**Dataset records**
· · · · · · ·
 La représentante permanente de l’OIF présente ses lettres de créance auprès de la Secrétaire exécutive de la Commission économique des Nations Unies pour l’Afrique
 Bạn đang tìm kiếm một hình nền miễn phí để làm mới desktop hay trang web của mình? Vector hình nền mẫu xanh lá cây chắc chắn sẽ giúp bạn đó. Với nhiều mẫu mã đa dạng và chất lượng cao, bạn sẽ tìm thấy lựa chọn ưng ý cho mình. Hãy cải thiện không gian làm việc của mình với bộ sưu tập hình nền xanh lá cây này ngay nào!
· · · · · · ·
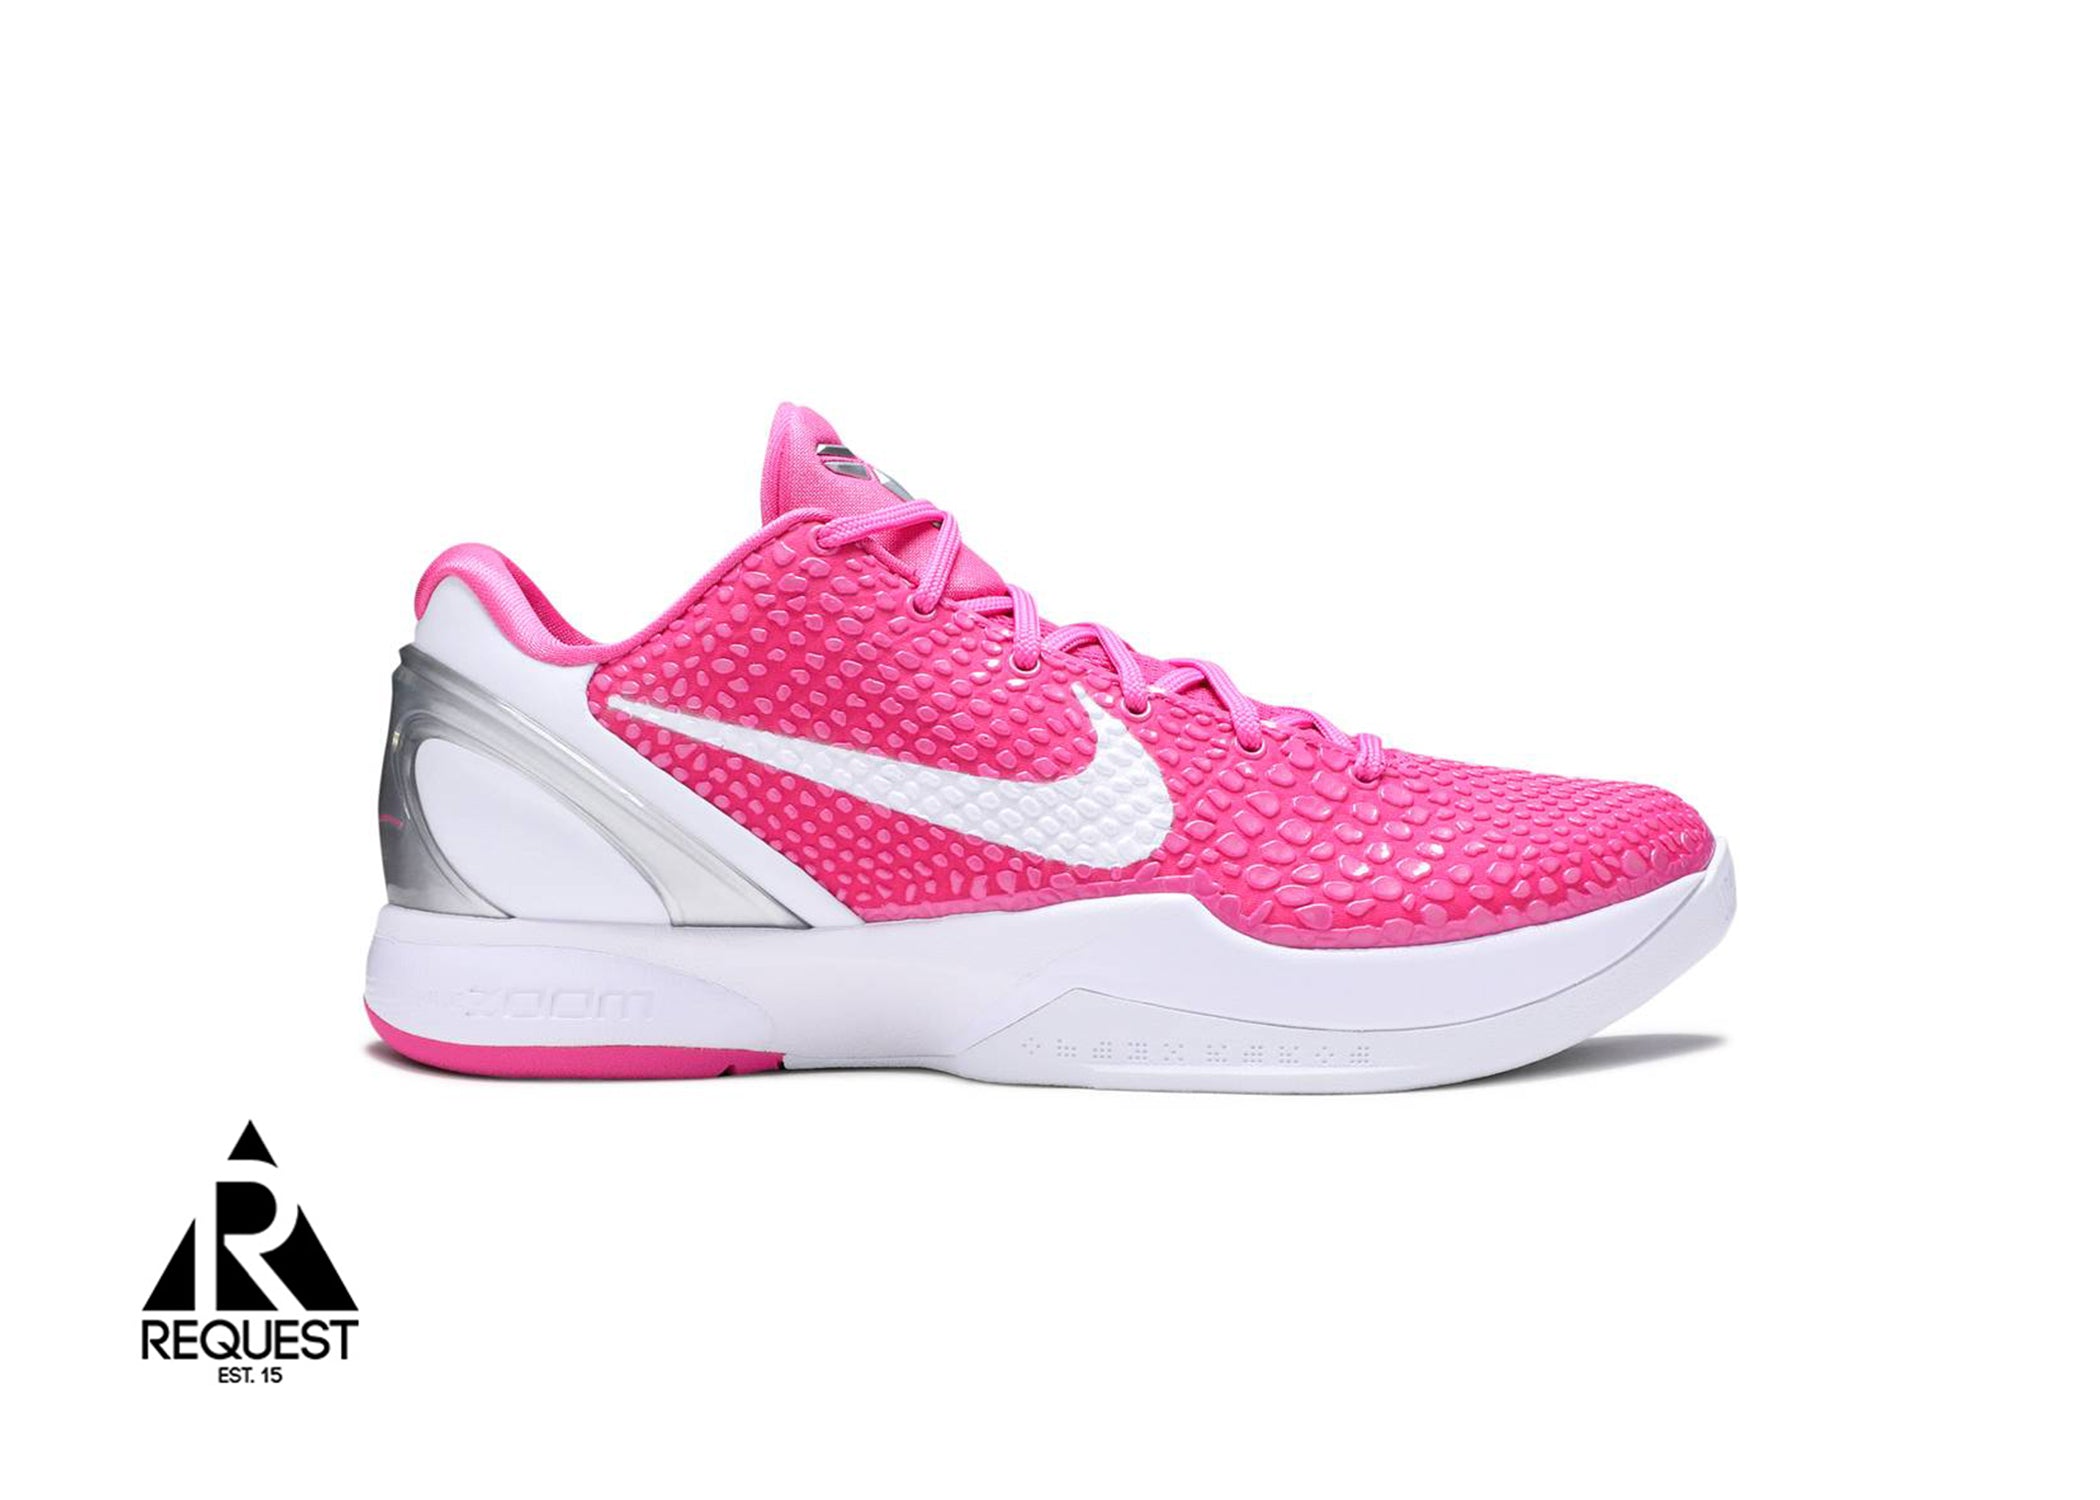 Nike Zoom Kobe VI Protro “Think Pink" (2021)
· · · · · · ·
When you reach the line in the material above that holds "La représentante permanente", begin reproducing lines exactly, and stop after the line that holds "Bạn đang tìm".

 La représentante permanente de l’OIF présente ses lettres de créance auprès de la Secrétaire exécutive de la Commission économique des Nations Unies pour l’Afrique
 Bạn đang tìm kiếm một hình nền miễn phí để làm mới desktop hay trang web của mình? Vector hình nền mẫu xanh lá cây chắc chắn sẽ giúp bạn đó. Với nhiều mẫu mã đa dạng và chất lượng cao, bạn sẽ tìm thấy lựa chọn ưng ý cho mình. Hãy cải thiện không gian làm việc của mình với bộ sưu tập hình nền xanh lá cây này ngay nào!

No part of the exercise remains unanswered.